** Task to carry out **
From the entries below, reproduce exactly the line containing "Plastic-free Cleaning Cloth", the line containing "Lovely green family", and every line in between, with nothing added.

[Extracted data entries]
****

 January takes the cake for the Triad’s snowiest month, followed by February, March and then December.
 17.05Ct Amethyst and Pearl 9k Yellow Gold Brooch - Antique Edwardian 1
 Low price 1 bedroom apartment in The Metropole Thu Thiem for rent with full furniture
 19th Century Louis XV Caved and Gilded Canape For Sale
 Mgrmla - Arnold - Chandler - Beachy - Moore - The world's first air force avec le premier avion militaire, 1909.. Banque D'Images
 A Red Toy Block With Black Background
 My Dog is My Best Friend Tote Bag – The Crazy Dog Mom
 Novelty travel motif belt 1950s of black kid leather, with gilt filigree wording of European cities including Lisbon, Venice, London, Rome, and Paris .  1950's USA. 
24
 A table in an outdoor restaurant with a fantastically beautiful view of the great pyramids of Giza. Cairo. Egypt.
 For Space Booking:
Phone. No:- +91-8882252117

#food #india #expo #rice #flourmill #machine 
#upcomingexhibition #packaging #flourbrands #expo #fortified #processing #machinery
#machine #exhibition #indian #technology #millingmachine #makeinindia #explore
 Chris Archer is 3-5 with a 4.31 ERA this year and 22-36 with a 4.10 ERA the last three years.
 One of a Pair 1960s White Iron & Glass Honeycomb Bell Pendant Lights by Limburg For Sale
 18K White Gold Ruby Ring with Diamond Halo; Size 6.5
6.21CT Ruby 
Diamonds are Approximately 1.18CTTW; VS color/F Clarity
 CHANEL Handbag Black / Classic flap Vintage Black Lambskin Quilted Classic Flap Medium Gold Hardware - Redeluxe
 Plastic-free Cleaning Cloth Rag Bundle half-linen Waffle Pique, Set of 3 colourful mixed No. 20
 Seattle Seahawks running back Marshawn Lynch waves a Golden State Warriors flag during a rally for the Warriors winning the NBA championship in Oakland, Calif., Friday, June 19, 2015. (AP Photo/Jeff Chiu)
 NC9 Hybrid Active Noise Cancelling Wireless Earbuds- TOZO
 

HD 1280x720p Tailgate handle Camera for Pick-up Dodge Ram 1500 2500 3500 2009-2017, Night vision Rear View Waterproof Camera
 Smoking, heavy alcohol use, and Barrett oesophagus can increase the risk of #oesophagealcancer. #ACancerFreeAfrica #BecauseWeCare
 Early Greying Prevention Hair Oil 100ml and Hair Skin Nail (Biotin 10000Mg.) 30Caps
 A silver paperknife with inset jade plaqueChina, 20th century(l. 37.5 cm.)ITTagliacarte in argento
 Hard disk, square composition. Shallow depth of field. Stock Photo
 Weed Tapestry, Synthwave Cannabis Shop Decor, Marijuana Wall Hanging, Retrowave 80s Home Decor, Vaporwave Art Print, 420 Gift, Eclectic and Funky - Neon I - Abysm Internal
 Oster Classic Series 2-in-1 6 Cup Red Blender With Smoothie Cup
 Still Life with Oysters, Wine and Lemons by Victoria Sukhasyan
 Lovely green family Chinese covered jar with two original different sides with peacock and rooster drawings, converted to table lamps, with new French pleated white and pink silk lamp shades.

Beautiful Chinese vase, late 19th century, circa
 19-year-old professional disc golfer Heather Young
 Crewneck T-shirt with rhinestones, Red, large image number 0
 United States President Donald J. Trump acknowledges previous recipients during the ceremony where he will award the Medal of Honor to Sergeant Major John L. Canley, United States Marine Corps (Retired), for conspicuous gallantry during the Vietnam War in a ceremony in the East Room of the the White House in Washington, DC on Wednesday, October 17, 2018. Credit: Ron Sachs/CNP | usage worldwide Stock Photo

****

** Your solution **
 Plastic-free Cleaning Cloth Rag Bundle half-linen Waffle Pique, Set of 3 colourful mixed No. 20
 Seattle Seahawks running back Marshawn Lynch waves a Golden State Warriors flag during a rally for the Warriors winning the NBA championship in Oakland, Calif., Friday, June 19, 2015. (AP Photo/Jeff Chiu)
 NC9 Hybrid Active Noise Cancelling Wireless Earbuds- TOZO
 

HD 1280x720p Tailgate handle Camera for Pick-up Dodge Ram 1500 2500 3500 2009-2017, Night vision Rear View Waterproof Camera
 Smoking, heavy alcohol use, and Barrett oesophagus can increase the risk of #oesophagealcancer. #ACancerFreeAfrica #BecauseWeCare
 Early Greying Prevention Hair Oil 100ml and Hair Skin Nail (Biotin 10000Mg.) 30Caps
 A silver paperknife with inset jade plaqueChina, 20th century(l. 37.5 cm.)ITTagliacarte in argento
 Hard disk, square composition. Shallow depth of field. Stock Photo
 Weed Tapestry, Synthwave Cannabis Shop Decor, Marijuana Wall Hanging, Retrowave 80s Home Decor, Vaporwave Art Print, 420 Gift, Eclectic and Funky - Neon I - Abysm Internal
 Oster Classic Series 2-in-1 6 Cup Red Blender With Smoothie Cup
 Still Life with Oysters, Wine and Lemons by Victoria Sukhasyan
 Lovely green family Chinese covered jar with two original different sides with peacock and rooster drawings, converted to table lamps, with new French pleated white and pink silk lamp shades.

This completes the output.